WBCO
- Bucyrus, Ohio; United States;
- Broadcast area: Mid-Ohio region
- Frequency: 1540 kHz
- Branding: WBCO 1540AM / 107.5FM

Programming
- Format: Classic country
- Affiliations: CBS News Radio; Westwood One; Agri Broadcast Network; Ohio State Sports Network;

Ownership
- Owner: Saga Communications; (Franklin Communications, Inc.);
- Sister stations: WQEL

History
- First air date: 1962
- Call sign meaning: Bucyrus, Ohio

Technical information
- Licensing authority: FCC
- Facility ID: 7111
- Class: D
- Power: 500 watts day
- Transmitter coordinates: 40°45′51.00″N 82°56′5.00″W﻿ / ﻿40.7641667°N 82.9347222°W
- Translator: 107.5 W298CC (Bucyrus)

Links
- Public license information: Public file; LMS;
- Webcast: Listen live
- Website: wbco.com

= WBCO =

Radio station in Bucyrus, Ohio

WBCO (1540 AM) is a radio station licensed to Bucyrus, Ohio, United States, and serving the Mid-Ohio region. Owned by Saga Communications, the station currently features a classic country format.

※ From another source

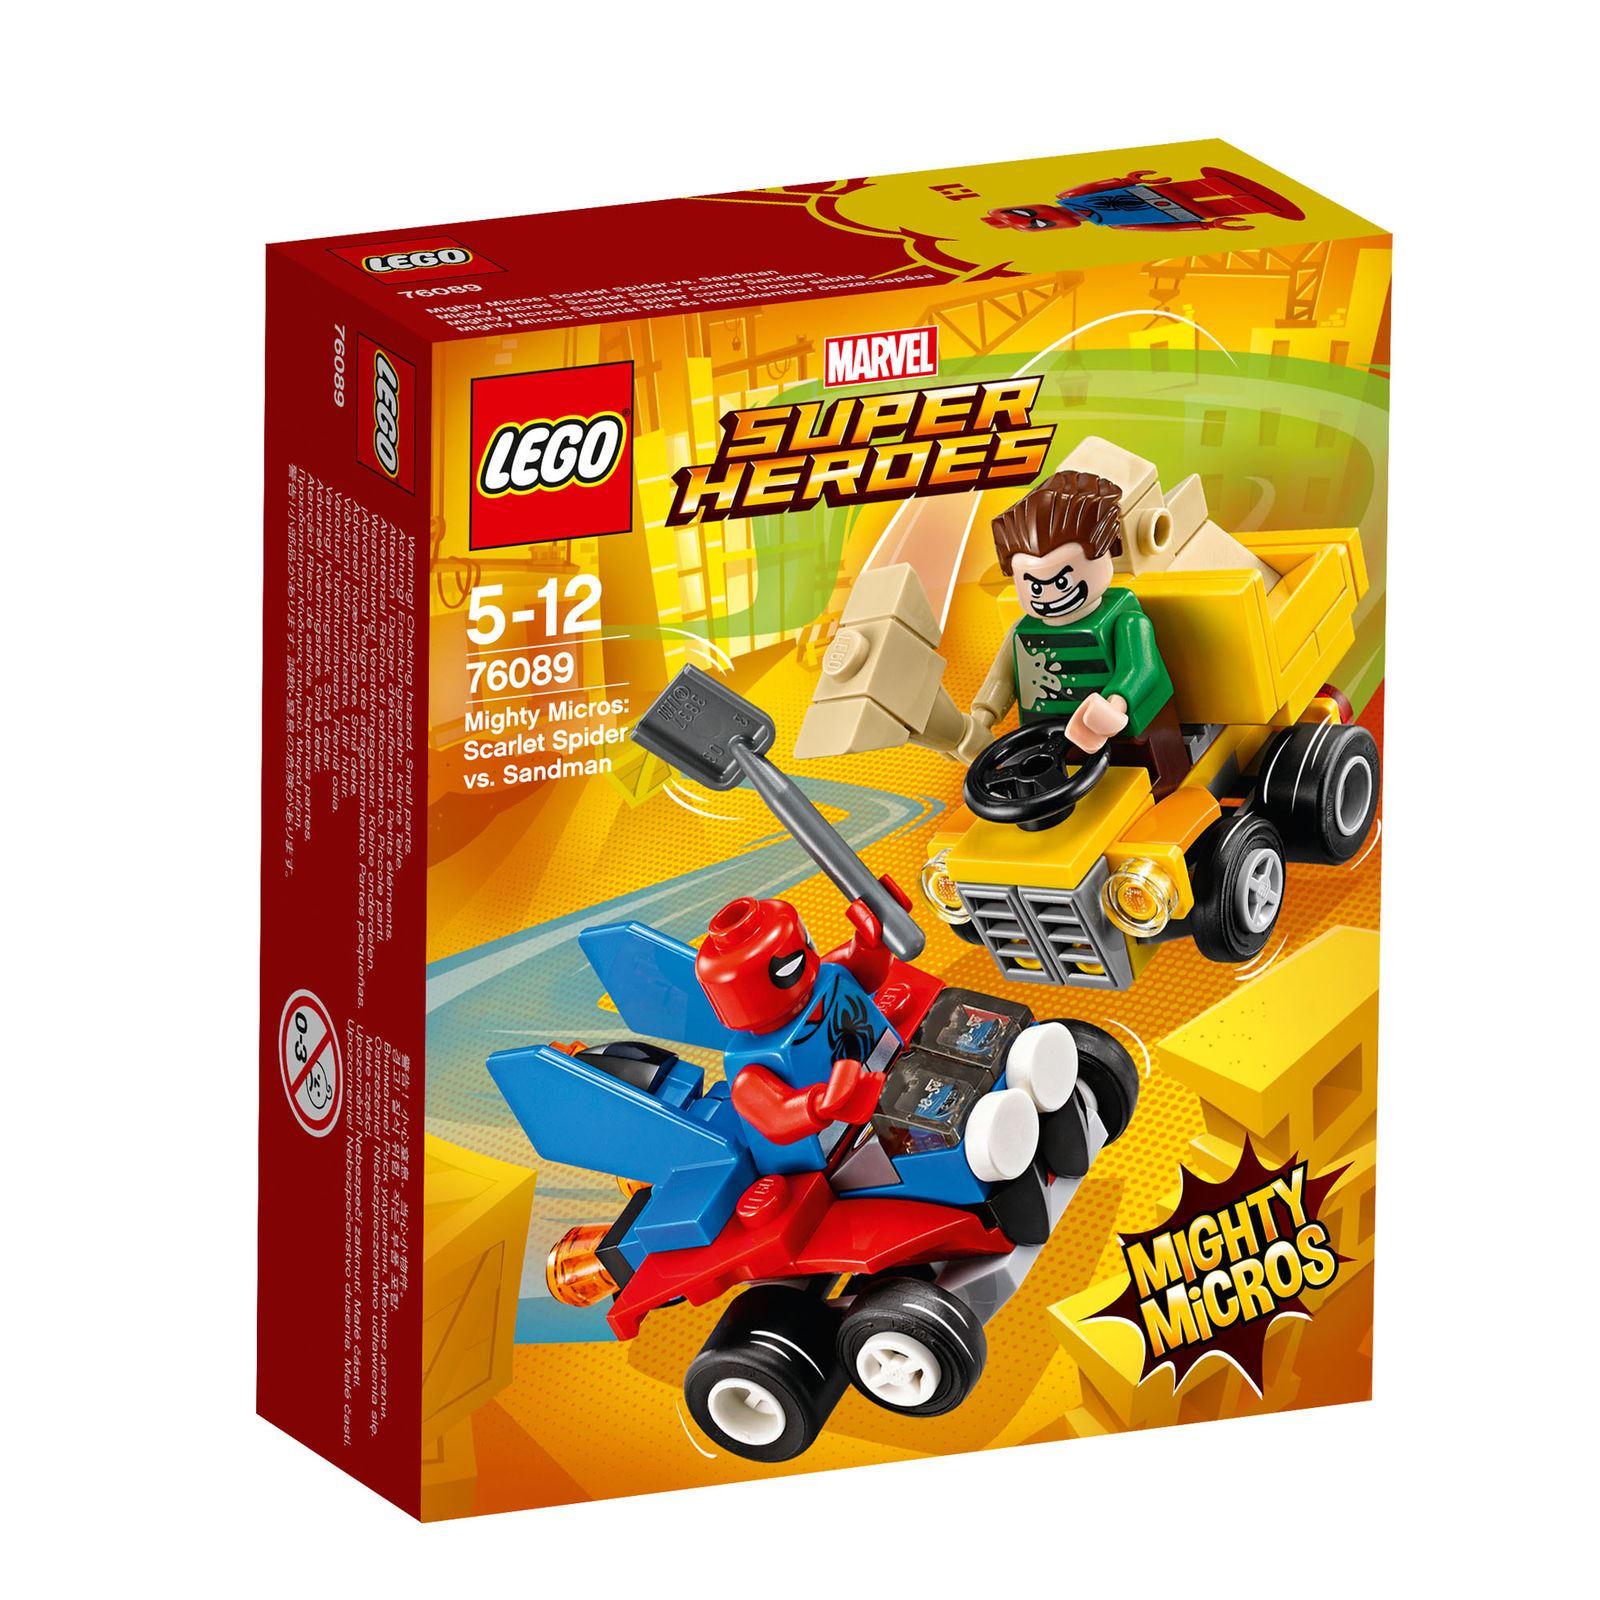 LEGO Marvel 76089 76089 76089  Super Heroes Mighty Micros  Scarlet Spider Vs. Sandman 89 Pcs 26c7c9

WBCO also airs 24 hours per day on FM translator W298CC at 107.5 FM.

==History==
WBCO was founded in 1962 by Thomas P. Moore and wife J. LaVonne Moore, along with LaVonne's brother and pioneer in broadcasting, Orville J. Sather, and investors. WBCO was joined by sister-station WBCO-FM (later named WQEL) two years later. The company was first known as Brokensword Broadcasting Co. When the Moores and Sathers bought out the investors, it became Sa-Mor Stations. Full ownership was assumed by Tom and LaVonne following Orville's death. The stations were sold to Mike and Donna Laipply in 1991. In 1996, both stations were sold to the Ohio Radio Group based in Ashland Ohio who also owned stations WQIO and WMVO in Mount Vernon, Ohio, WNCO and WNCO-FM in Ashland, Ohio, WMAN-FM in Fredericktown, Ohio, WFXN-FM in Galion, Ohio and WXXF in Loudonville, Ohio. They would later add local WYNT in Upper Sandusky, Ohio to the group making it the largest radio ownership company in Ohio. In 2001, Ohio Radio Group was purchased by Clear Channel Communications which had to sell two stations that included WBCO and WQEL who was purchased by Scantland Broadcasting, then current Saga Communications.

On February 1, 2016, WBCO changed their format from adult standards to classic country.